И вообще он с каким-то странным, пугающим его облегчением поймал себя на том, что преступно, позорно спокоен и что все, чего он ждал и боялся, думая об этой встрече с Лерой, не случилось, не произошло – ни с ним, ни с нею.

– Это я… – сказал он, все еще держа ее руку в своей над прилавком и не зная, отпустить ему ее или не отпускать.

Она сама высвободила руку и, не забыв убрать с прилавка свои очки, приподняла доску, разделявшую их, и вышла к нему.

– Борька…

А он опять не знал, обнять ли ее и поцеловать теперь, когда уже ничего не мешало это сделать.

Поцеловал неловко, будто стесняясь то ли ее, то ли самого себя. Она тоже поцеловала его и, легко рассмеявшись, достала из кармана голубого строгого платья носовой платок, вытерла следы помады с его щеки.

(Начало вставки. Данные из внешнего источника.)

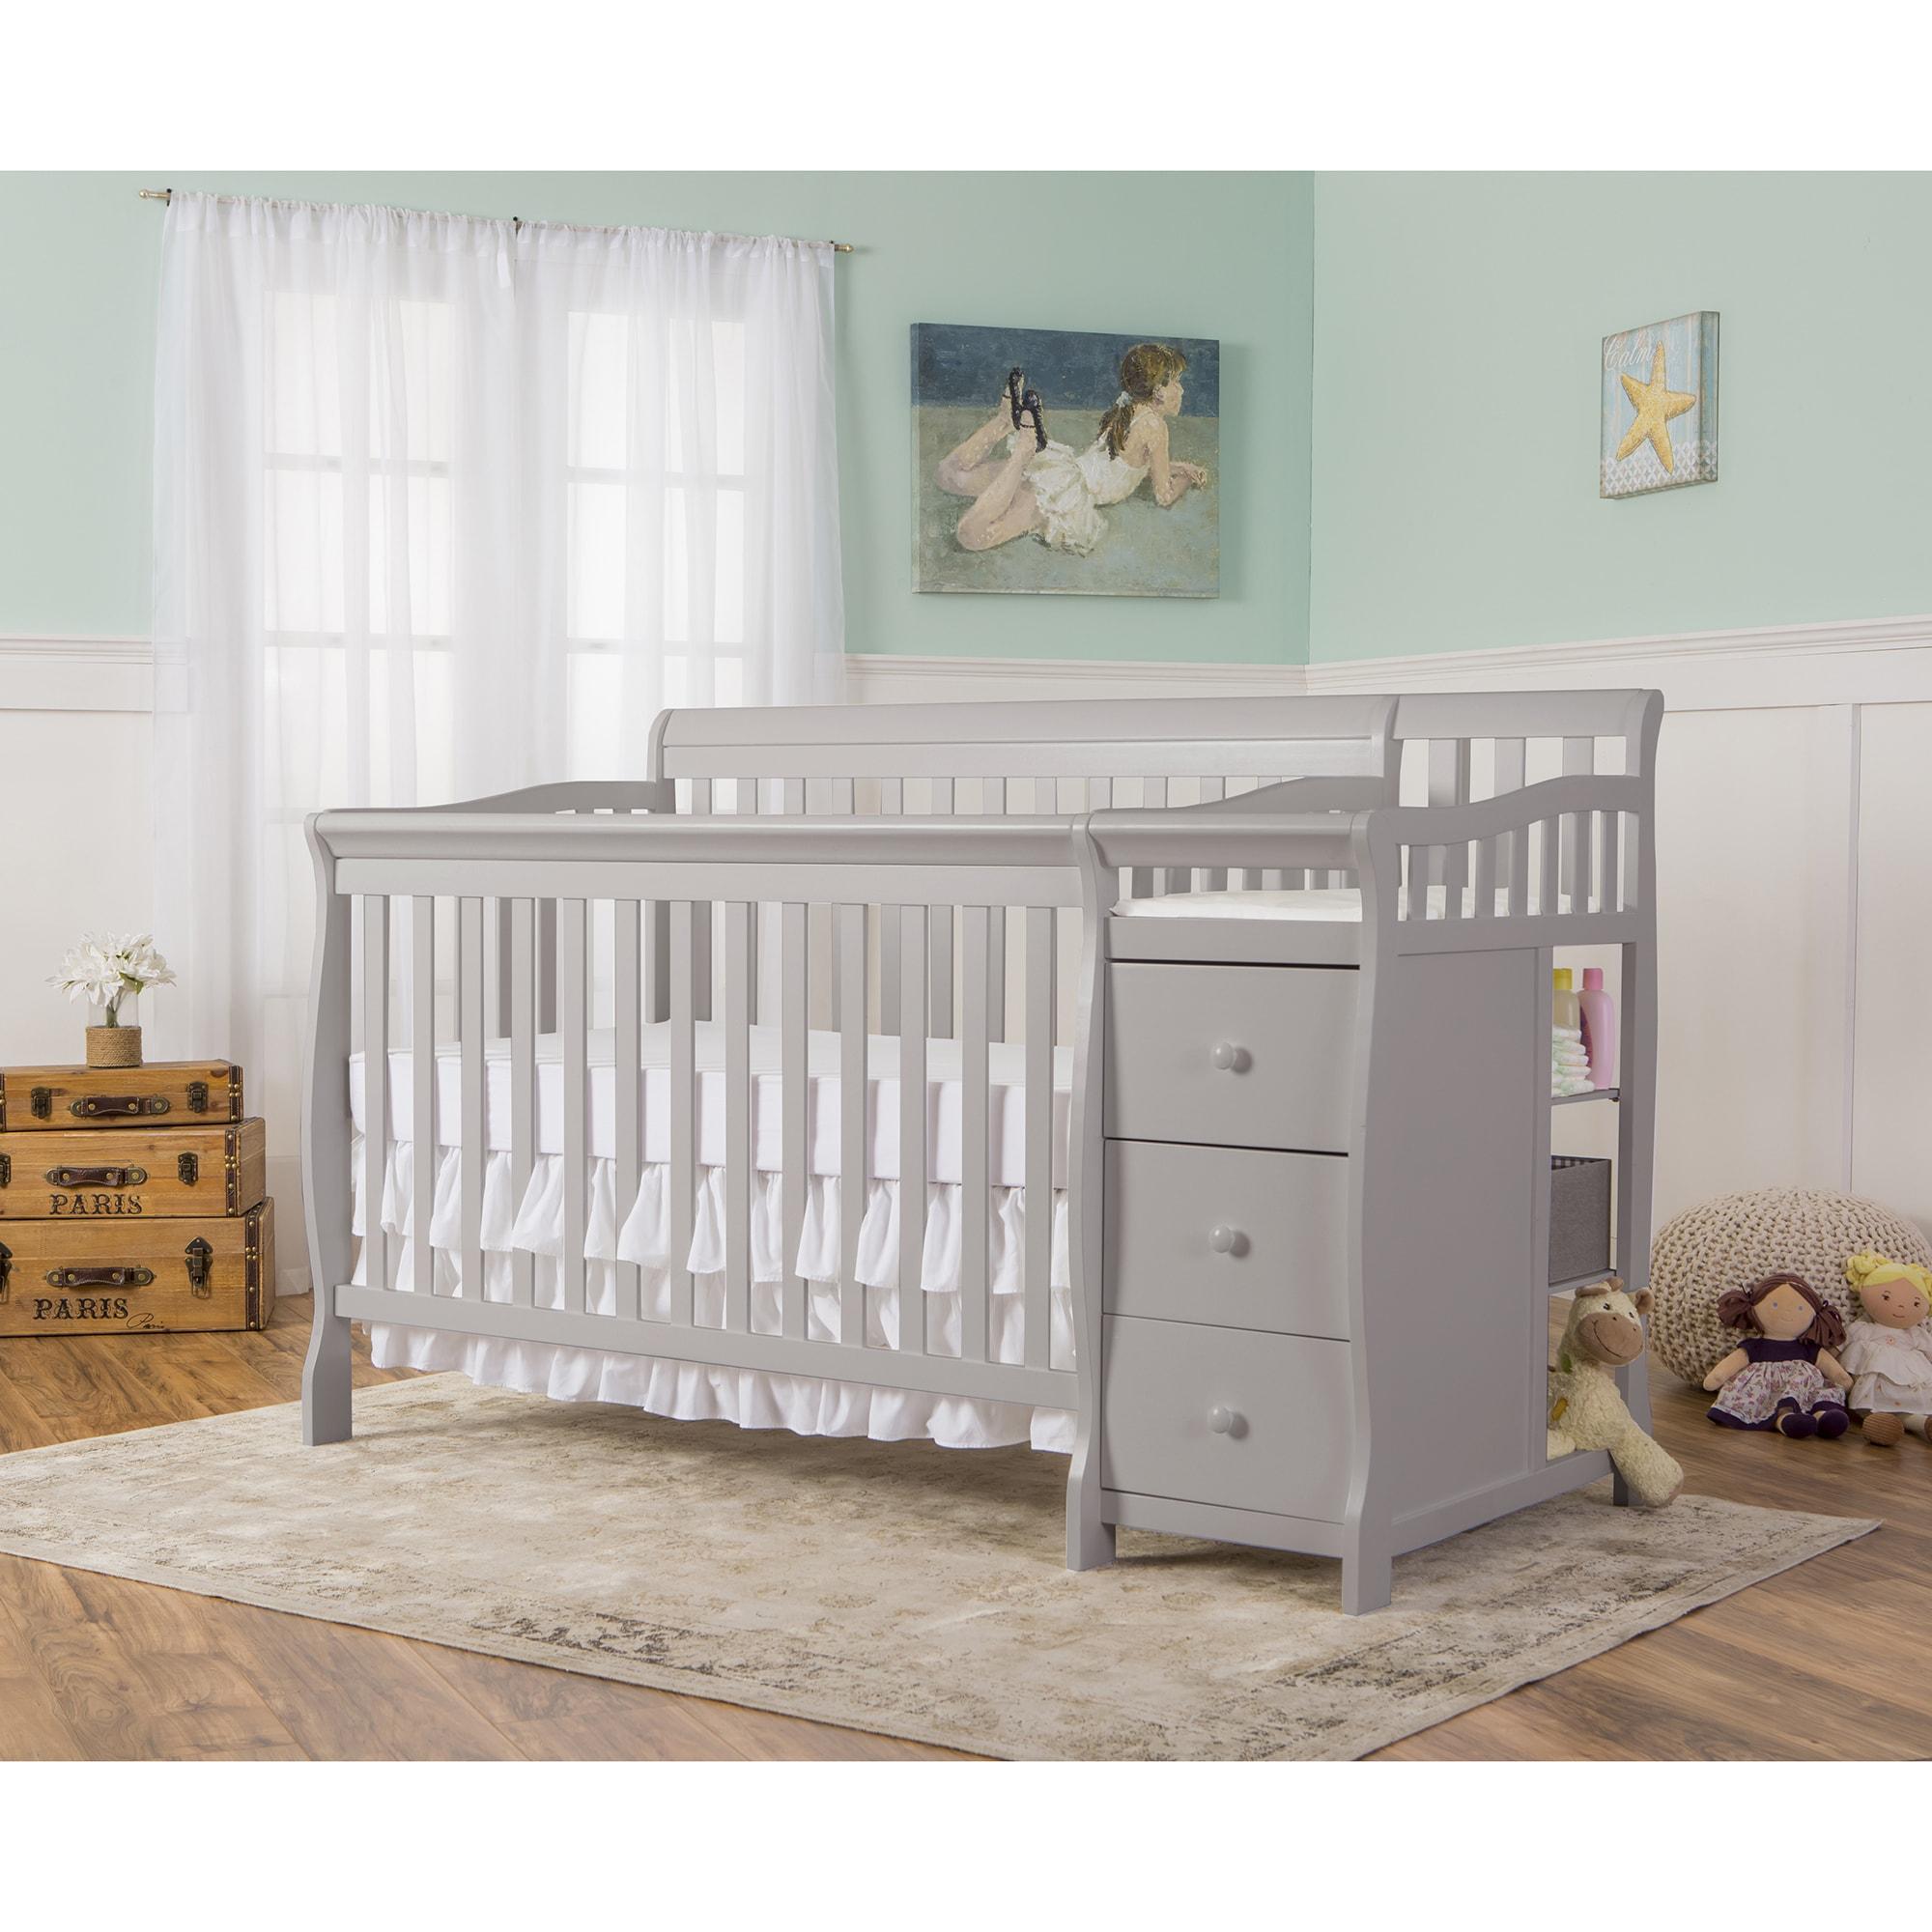 Dream On Me Universal Convertible Crib Toddler Guard Rail Pebble Gray

– Еще скажут, что ты тут с француженками любовь крутил…

– Вот так… – только и сказал он на это, – вот так вот…

– Я знала, что ты в Париже, читала в газетах, да и наши сказали заранее. Беспроволочный телеграф, совсем как в Москве. – И, подняв на него глаза, почти прежние свои глаза, светло-карие, с розоватыми белками, долго глядела на него, горестно покачала головой, – А виски уже седые… совсем седые виски! – И, как бы смягчая свои слова, добавила поспешно: – Я тоже совершенно седая, только крашусь, женщине в Париже нельзя распускаться, тут это сразу бросается в глаза. – И опять поглядела на него, спросила с тревогой: – Как я выгляжу, Боря?..

– Замечательно, – сказал он, – просто замечательно, ты ничуть не изменилась, абсолютно.

Она и вправду нисколько не постарела, была такая же, как прежде, и тем не менее совершенно другая.

Он не мог понять, что же в ней так разительно измени лось, и невольно, чуть отстранившись от нее, пристально оглядел.

– Понимаешь, – поспешила она, будто страшась того, что он может сейчас сказать ей, – тут ни в коем случае нельзя стареть, в Париже, особенно при моей работе… О, с этим здесь нельзя шутить! Я ведь весь день на людях, не так выглядишь, не так улыбнулась, не такое у тебя сегодня выражение лица – и… – Она не договорила потому, наверное, что поняла, что он в ней увидел.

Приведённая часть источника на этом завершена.